Manifest-backed index sets
For stable warmed setups, define a manifest and let greph-index set operate on the grouped indexes:
./vendor/bin/greph-index set build
./vendor/bin/greph-index set stats --mode ast-index --dry-refresh
./vendor/bin/greph-index set search --mode ast-index --show-index-origin 'new $CLASS()' .The set subcommands share the same lifecycle handling, stale checks, and planner diagnostics as direct ast-index usage.
Planner diagnostics
--trace-plan shows how Greph narrowed the query before the full matcher ran. For ast-index that typically includes:
- the coarse fact signature extracted from the pattern
- how many warmed indexes were searched
- how many files were rejected by the fact filter
- how many candidate files were re-parsed for exact structural verification
What the index stores
For every indexed file the AST fact extractor records a row per "interesting" node. The set of fact kinds covers the constructs that AST patterns most commonly target:
- Function and method calls (by called name)
- Class instantiations (by class name)
- Class, interface, trait, and enum declarations (by name)
- Function declarations (by name)
- Method declarations (by name and visibility)
- Use statements
When a query arrives, Greph\Ast\AstFactQuery translates the search pattern into a coarse fact signature (for example, "must contain a new of any class") and intersects the fact store.

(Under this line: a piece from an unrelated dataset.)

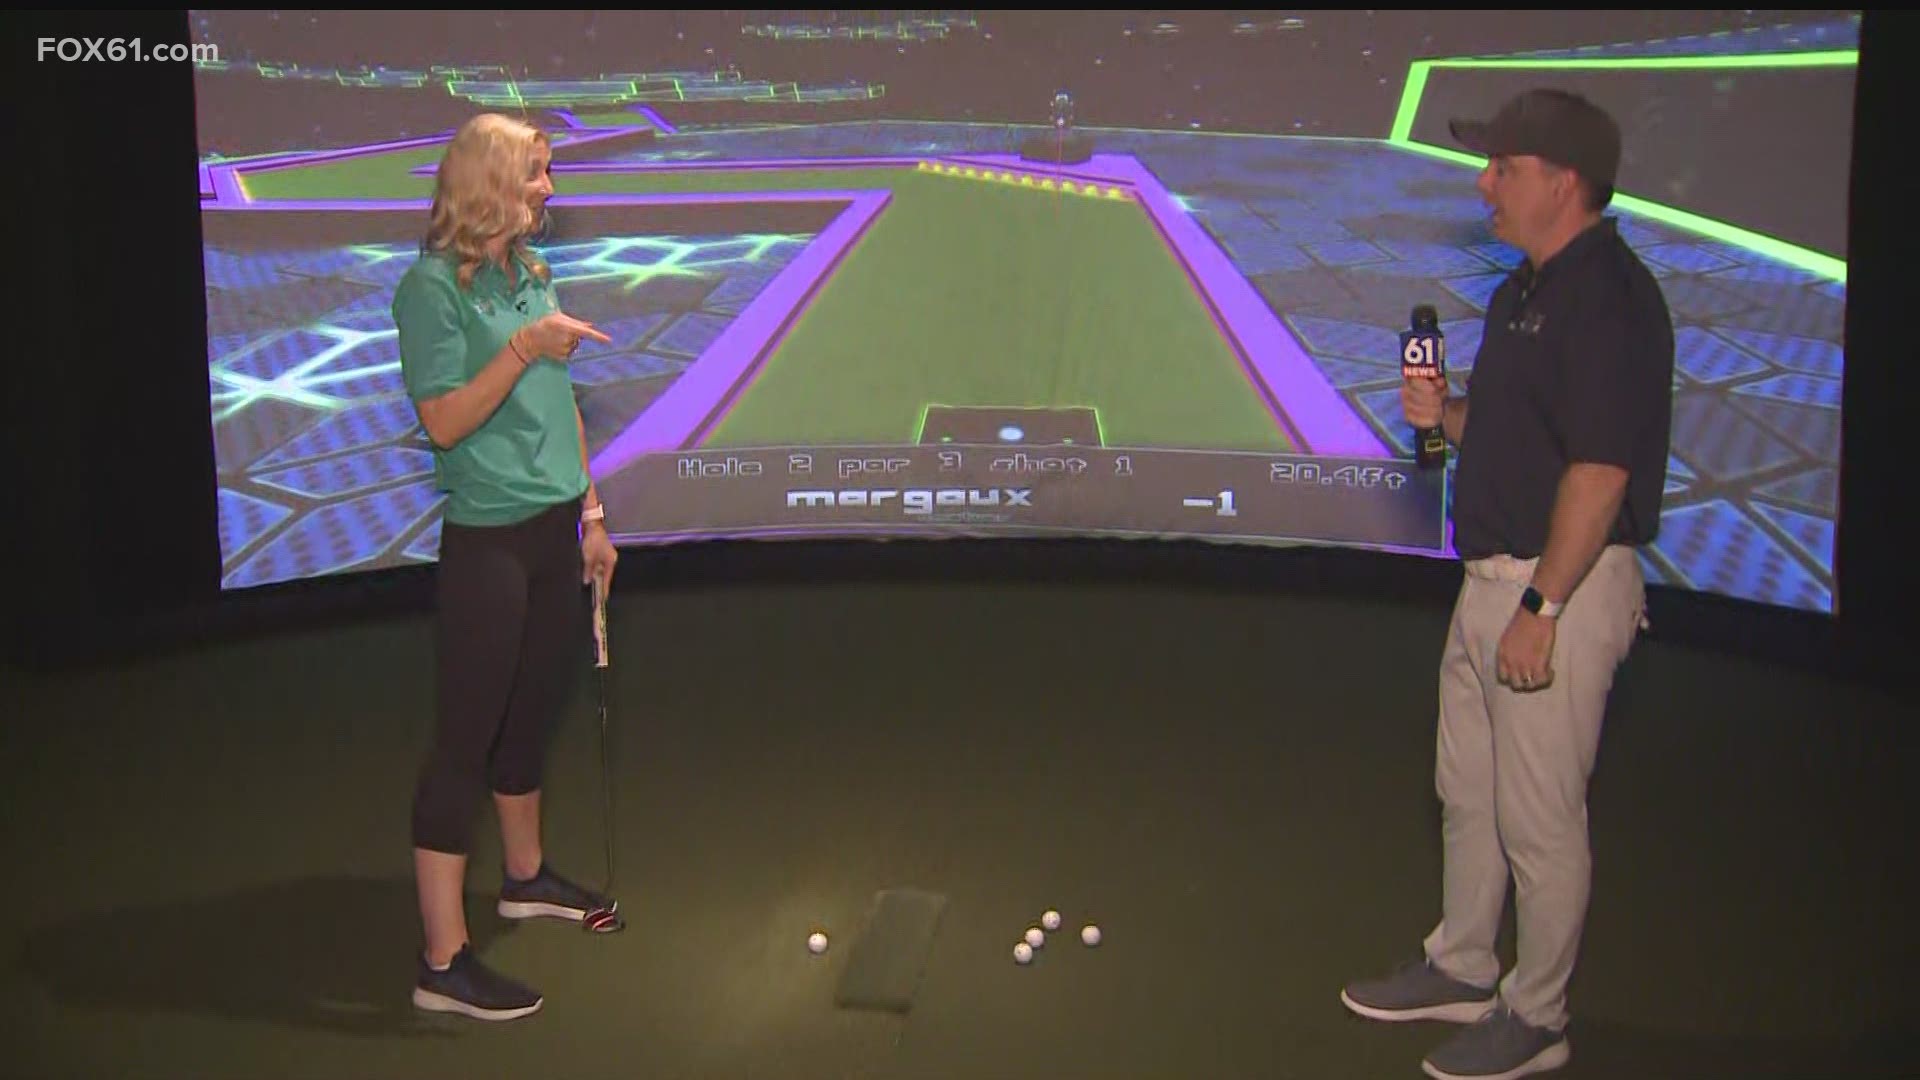 Oakwood Virtual Golf uses virtual reality to provide a realistic golfing experience inside.
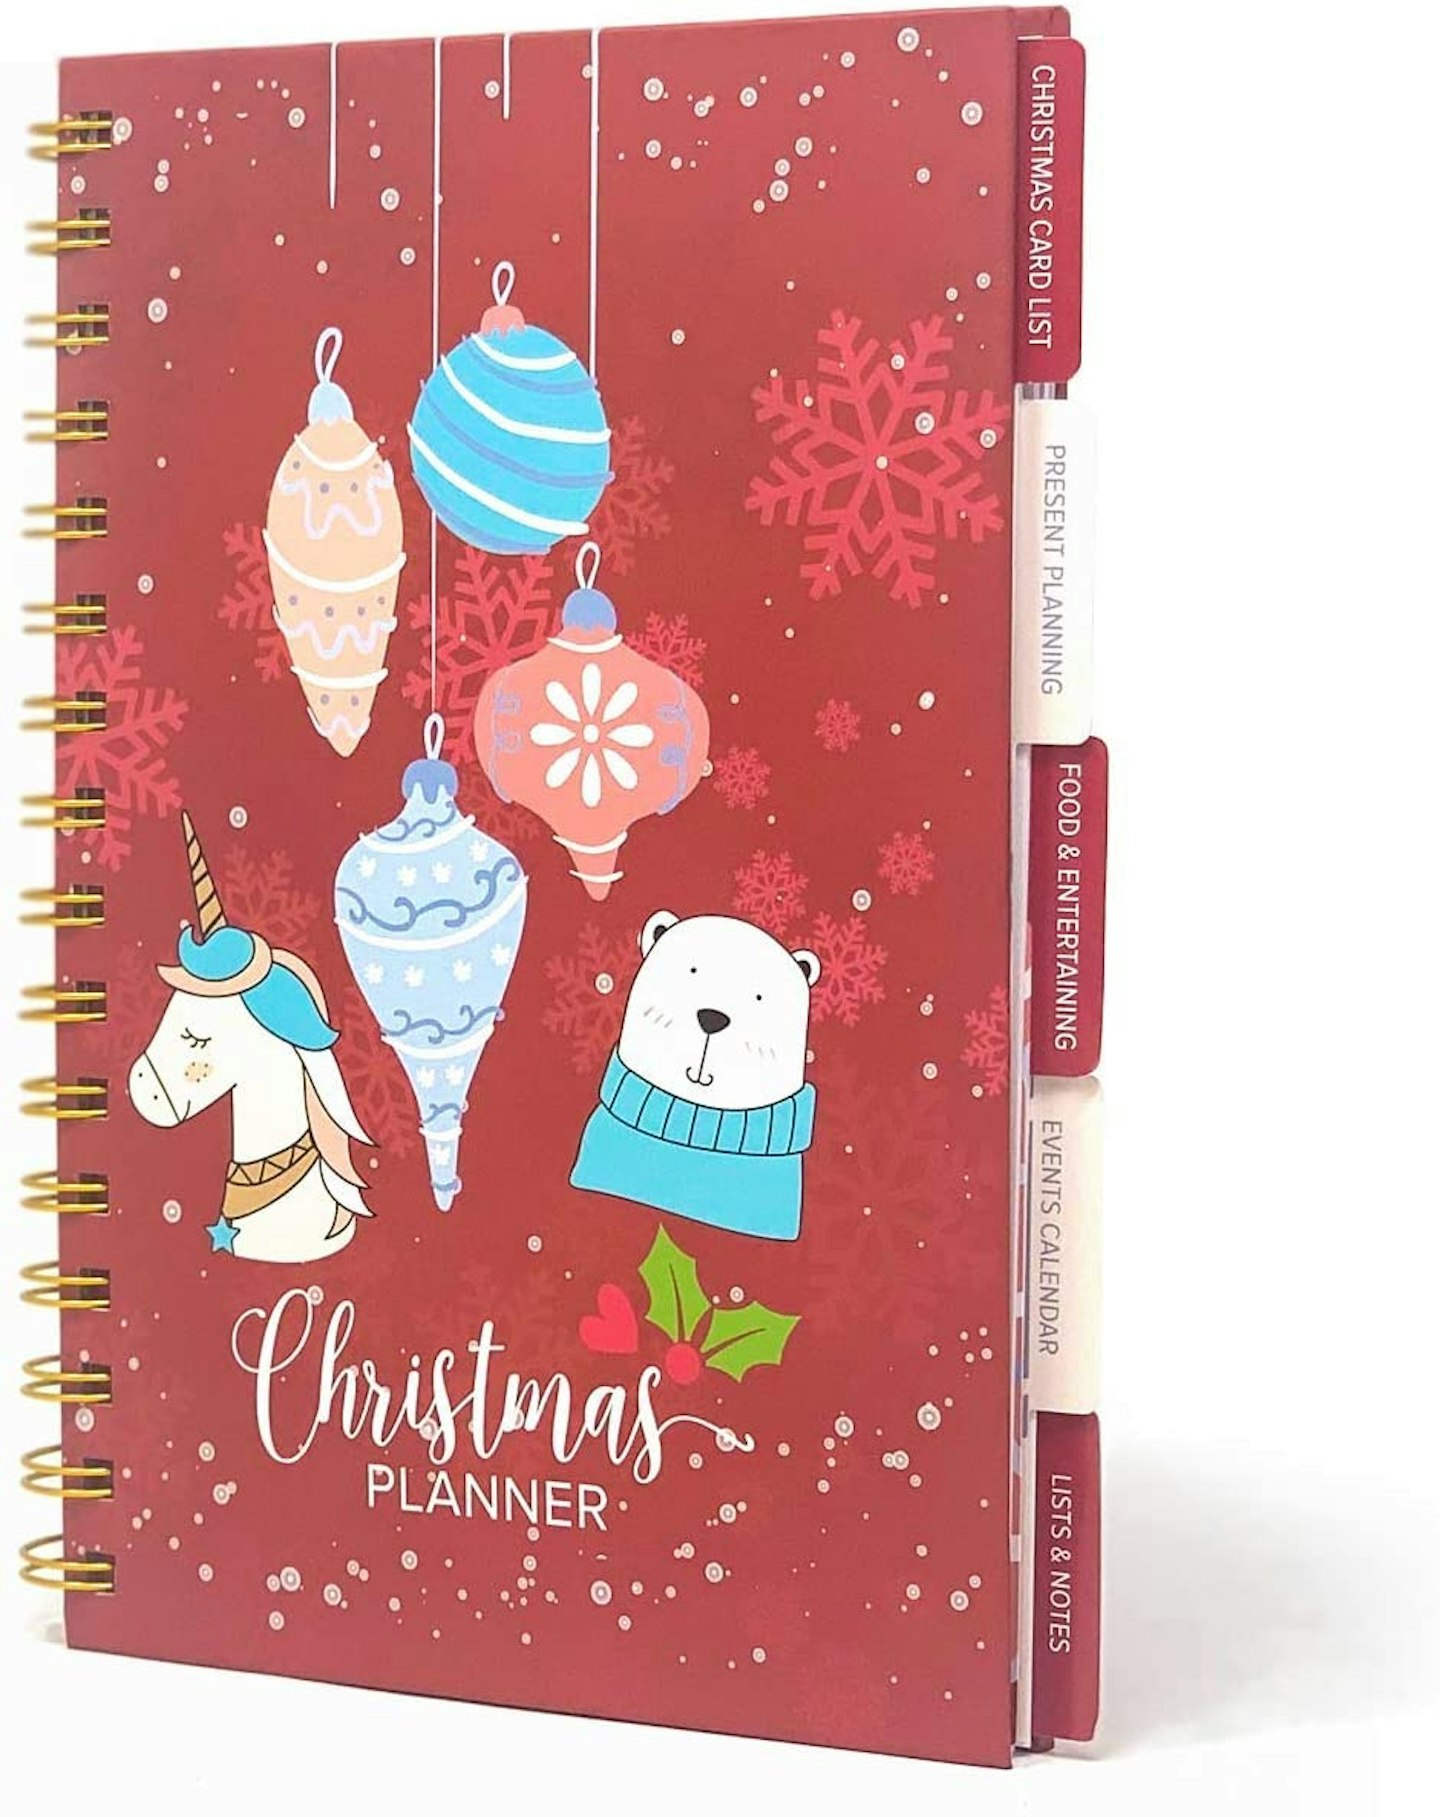 Best Christmas planner:  Christmas planner book

Files that survive the intersection are then re-parsed and matched against the full pattern.
This means the fact index is a prefilter, not a full-fidelity match store. The match step still parses the source, so structural correctness is identical to native AST search; only the candidate set is smaller.
When to use it
Indexed AST mode is the right tool when:
- You run the same structural queries against the same codebase repeatedly.
- The patterns target identifiable shapes (call name, class name, declaration kind) that the fact extractor stores.
- You want lower latency than re-parsing every file.
For patterns whose distinguishing feature is not in the fact set (for example, complex nested expressions without a recognizable head), the cached AST mode is usually a better fit because it skips the parse step entirely without relying on a coarse signature.
Programmatic use
use Greph\Greph;
use Greph\Ast\AstSearchOptions;
use Greph\Index\IndexLifecycleProfile;
Greph::buildAstIndex('.', lifecycle: IndexLifecycleProfile::OpportunisticRefresh);
$matches = Greph::searchAstIndexed(
'new $CLASS()',
'src',
new AstSearchOptions(jobs: 4, tracePlan: true),
);searchAstIndexed accepts the same AstSearchOptions as native AST search and returns the same list<AstMatch> shape. For multi-index or manifest-backed flows, use searchAstIndexedMany(...) and searchAstIndexedSet(...).